__SOURCE MATERIAL__.
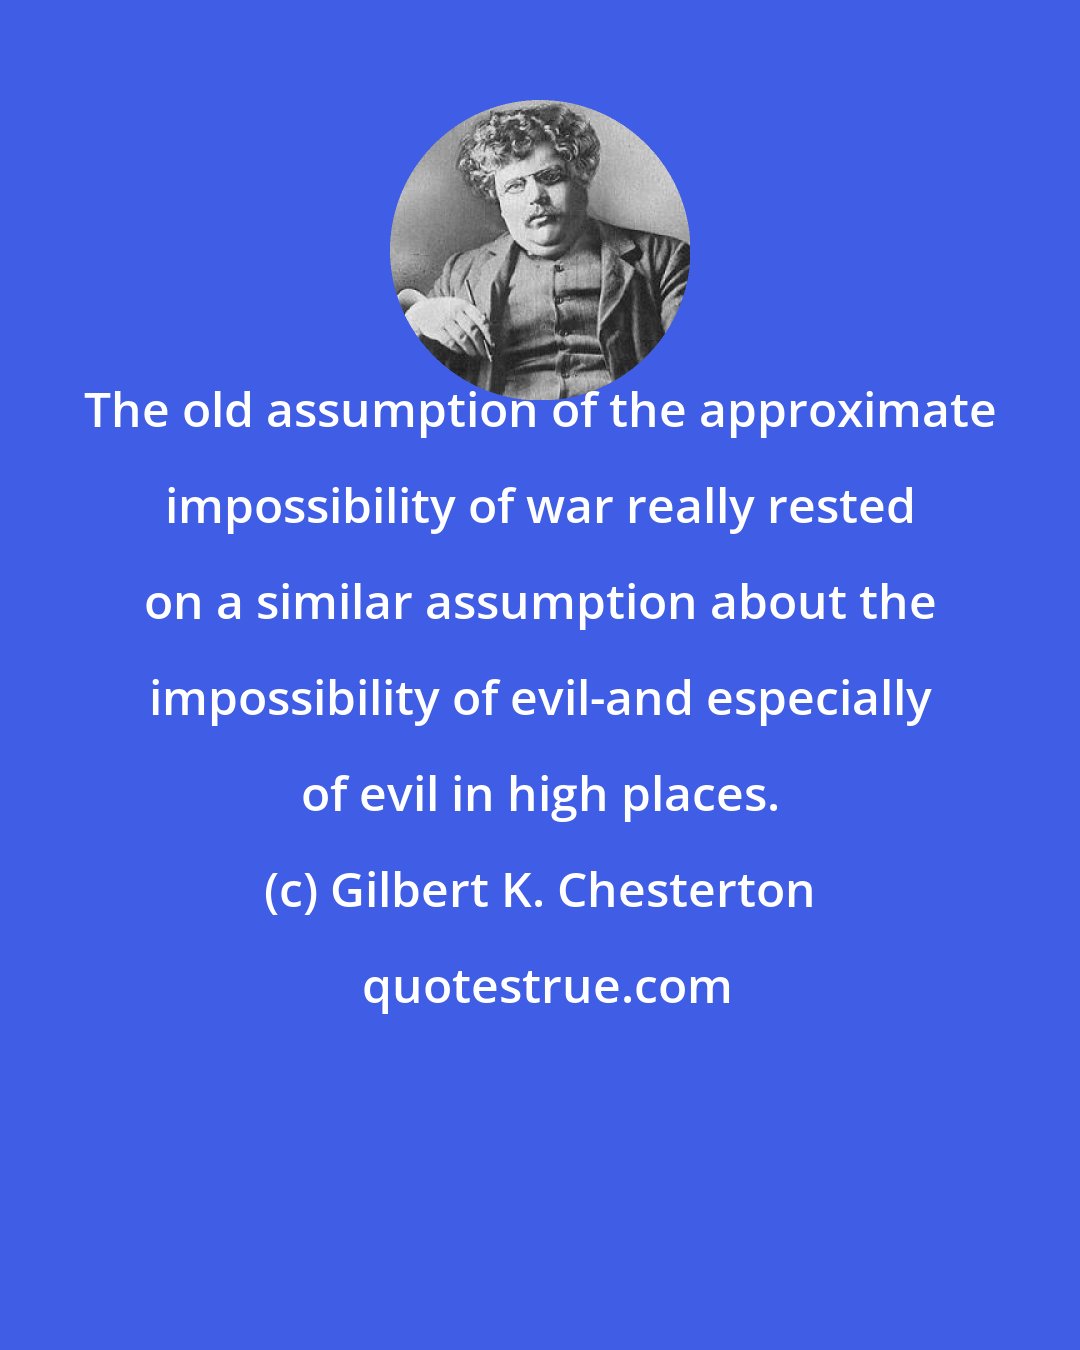 Gilbert K. Chesterton: The old assumption of the approximate impossibility of war really rested on a similar assumption about the impossibility of evil-and especially of evil in high places.
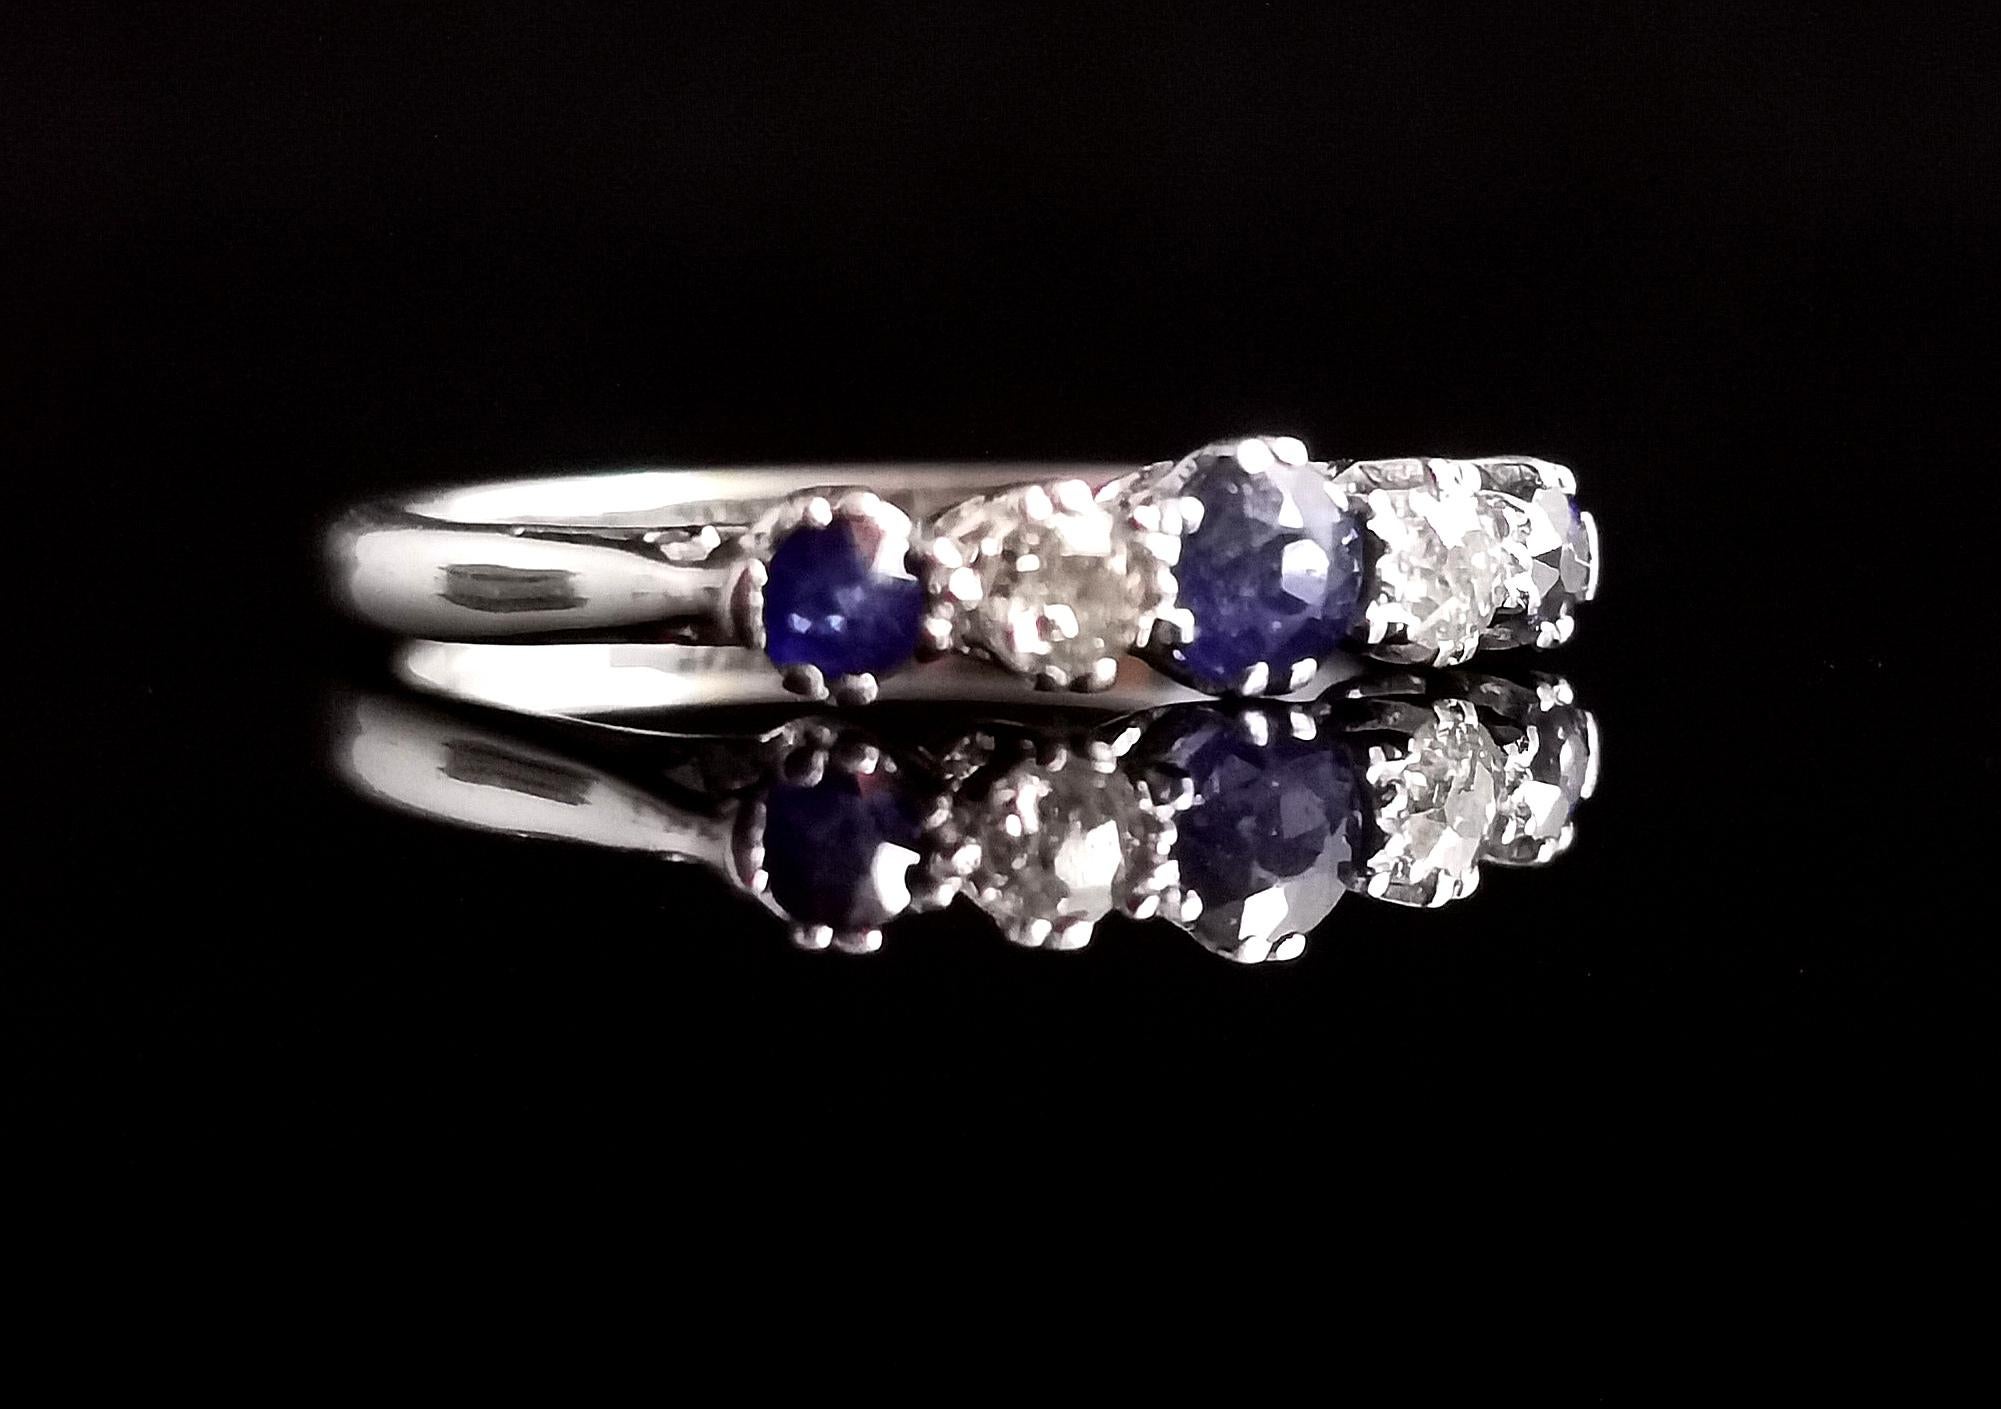 A stunning vintage, mid century, c1940s, Sapphire and Diamond half hoop ring.

The ring has a lovely D profile, high polish 18 karat white gold band with a platinum half hoop setting.

The setting features a beautiful rich blue central round cut

__GOAL OF THE EXERCISE__. The expected output is the material above, repeated exactly and free of pictures.

__YOUR SOLUTION__.
 Gilbert K. Chesterton: The old assumption of the approximate impossibility of war really rested on a similar assumption about the impossibility of evil-and especially of evil in high places.
 A stunning vintage, mid century, c1940s, Sapphire and Diamond half hoop ring.

The ring has a lovely D profile, high polish 18 karat white gold band with a platinum half hoop setting.

The setting features a beautiful rich blue central round cut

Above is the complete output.